Nuclease activity of purified Pcal_0546 and SSO1391
Purified Pcal_0546 and SSO1391 demonstrated metal-dependent nuclease activity against [32P]-labeled ssDNA substrates (Figure 2). Both proteins were active in a pH range of 7–9 with maximal activity at pH 8.0 in the presence of Mn2+ followed by Mg2+, Co2+ and Ni2+, whereas Ca2+, Cu2+ and Zn2+ did not support nuclease activity (Supplementary Figures S3C–S3F). The temperature profile of the nuclease activity of Pcal_0546 was similar to that of SSO0001 (19) with maximal activity in the range of 45–70ºC (Supplementary Figure S3G). With the 5′-labeled ssDNA substrate, Pcal_0546 produced a single product (3 nt), whereas a series of products with varying chain lengths was generated from the 3′-labeled ssDNA substrate indicating that this protein cleaves ssDNA in the 5′ → 3′ direction (Figure 2A). In contrast, SSO1391 cleaved ssDNA both in the 5′ → 3′ and 3′ → 5′ directions based on the formation of multiple products both with the 3′- and 5′-[32P]-labeled substrates (Figure 2B). Both Pcal_0546 and SSO1391 also exhibited Mn2+-dependent endonuclease activity against the circular ssDNA of M13mp18 as substrate (Figure 2C, D). LC-MS analysis revealed that the ssDNA cleavage products of both Pcal_0546 and SSO1391 contain 5′-hydroxyls and 3′-phosphates (Figure 2E). This is consistent with the types of DNA cleavage products formed by SSO0001, whereas the characterized RecB-like nucleases are known to produce the 5′-phosphate and 3′-hydroxyl containing products (21,38).
Figure 2.
Cleavage of ssDNA by Pcal_0546 and SSO1391. (A, B) The 3′- or 5′-[32P]-labeled ssDNA was incubated without protein (lane C) or with indicated amounts of Pcal_0546 (A) or SSO1391 (B) for 15 minutes at 45ºC and analyzed by denaturing gel electrophoresis. (C, D) Endonuclease assays: the M13mp18 ssDNA (5 nM) was incubated at 45ºC without protein (lane C) or in the presence of indicated amounts of Pcal_0546 (C) or SSO1391 (D) and the reaction products were analyzed by agarose gel electrophoresis and SYBR Green staining. (E) Mass spectrometry analysis of the ssDNA cleavage products generated by Pcal_0546 and SSO1391. Relative abundance of ions and retention times corresponding to dC (m/z 226.0834) and dCMP (m/z 306.0497) are shown for standards (black) and products of Pcal_0546 or SSO1391 mediated cleavage of a 10 nt long oligonucleotide (gray).
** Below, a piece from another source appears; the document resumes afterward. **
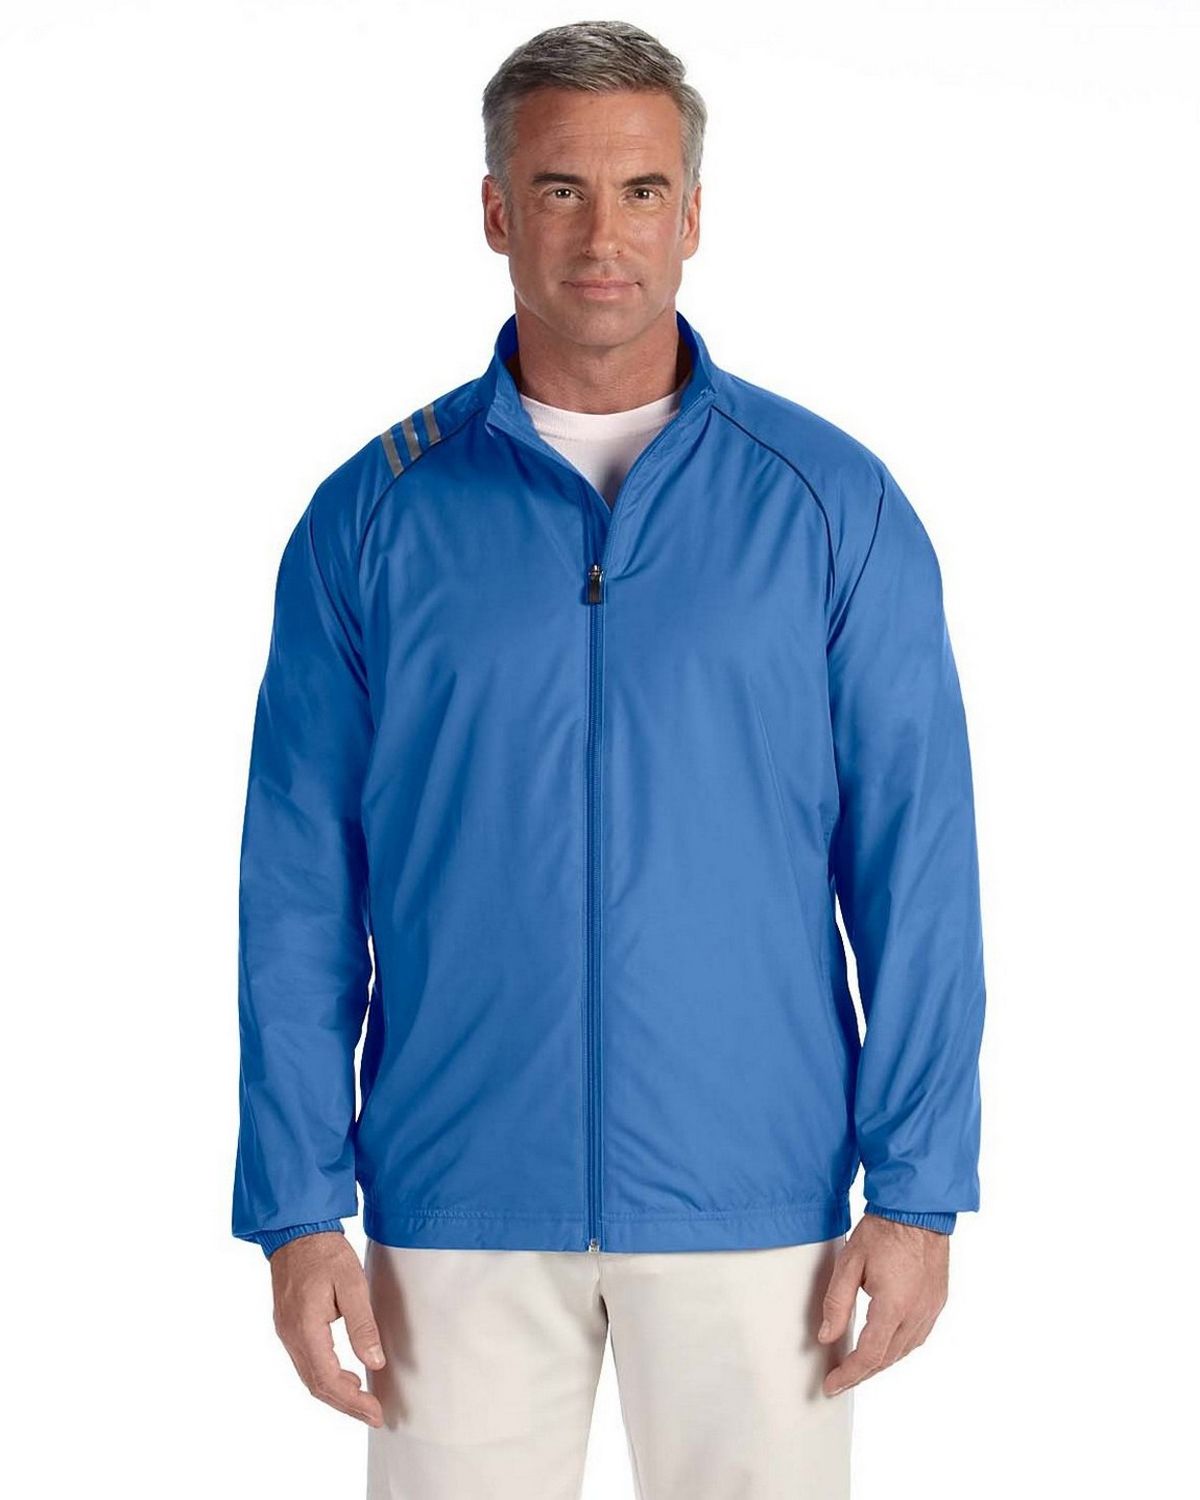 Adidas Golf A169 Men's Jacket

Cleavage of ssDNA by Pcal_0546 and SSO1391. (A, B) The 3′- or 5′-[32P]-labeled ssDNA was incubated without protein (lane C) or with indicated amounts of Pcal_0546 (A) or SSO1391 (B) for 15 minutes at 45ºC and analyzed by denaturing gel electrophoresis. (C, D) Endonuclease assays: the M13mp18 ssDNA (5 nM) was incubated at 45ºC without protein (lane C) or in the presence of indicated amounts of Pcal_0546 (C) or SSO1391 (D) and the reaction products were analyzed by agarose gel electrophoresis and SYBR Green staining. (E) Mass spectrometry analysis of the ssDNA cleavage products generated by Pcal_0546 and SSO1391. Relative abundance of ions and retention times corresponding to dC (m/z 226.0834) and dCMP (m/z 306.0497) are shown for standards (black) and products of Pcal_0546 or SSO1391 mediated cleavage of a 10 nt long oligonucleotide (gray).Splayed arm-like (SA) DNA structures are useful model substrates for the RecB-like nuclease complexes, which catalyze ATP-dependent dsDNA unwinding and ATP-independent ssDNA cleavage reactions (20,22,39,40). Both Pcal_0546 and SSO1391 cleaved these substrates (42 or 59–60 nt long) with the formation of short labeled products suggesting that they were able to unwind the double-stranded part of DNA substrate and continue the cleavage of the labeled DNA strand (Figure 3, Supplementary Figure S3M, S3N). These assays also revealed the transient accumulation of reaction intermediates consistent with the enzyme potentially pausing when it reaches the dsDNA area (20–30 nt in Figure 3; 30–40 nt in Supplementary Figure S3M, S3N). Compared to the cleavage of ssDNA substrates, the unwinding and cleavage of SA substrates by both proteins were slower and required higher (5–7 times) protein amounts suggesting that the SA unwinding step is limiting in this reaction. Similar to SSO0001, unwinding and cleavage of SA substrates were not stimulated by the addition of ATP (up to 2 mM) suggesting that their DNA unwinding activity is ATP-independent (Supplementary Figure S3O, S3P). It is possible that, in vivo, the activity of Cas4 proteins can be regulated by binding to other Cas or non-Cas proteins.
Figure 3.
Unwinding and cleavage of splayed arm substrates by Pcal_0546 and SSO1391. (A, B) Cleavage of splayed arm substrates by the indicated amounts of Pcal_0546 (A) or SSO1391 (B) incubated for 45 min (A) or 15 min (B) and analyzed by denaturing gel electrophoresis. In all substrates, one strand is [32P]-labeled at the 3′-end (A) or 5′-end (B) (indicated by asterisks), and the length of ssDNA overhangs is indicated on the substrate models (nt). Lane C shows incubation without protein.
Unwinding and cleavage of splayed arm substrates by Pcal_0546 and SSO1391. (A, B) Cleavage of splayed arm substrates by the indicated amounts of Pcal_0546 (A) or SSO1391 (B) incubated for 45 min (A) or 15 min (B) and analyzed by denaturing gel electrophoresis. In all substrates, one strand is [32P]-labeled at the 3′-end (A) or 5′-end (B) (indicated by asterisks), and the length of ssDNA overhangs is indicated on the substrate models (nt). Lane C shows incubation without protein.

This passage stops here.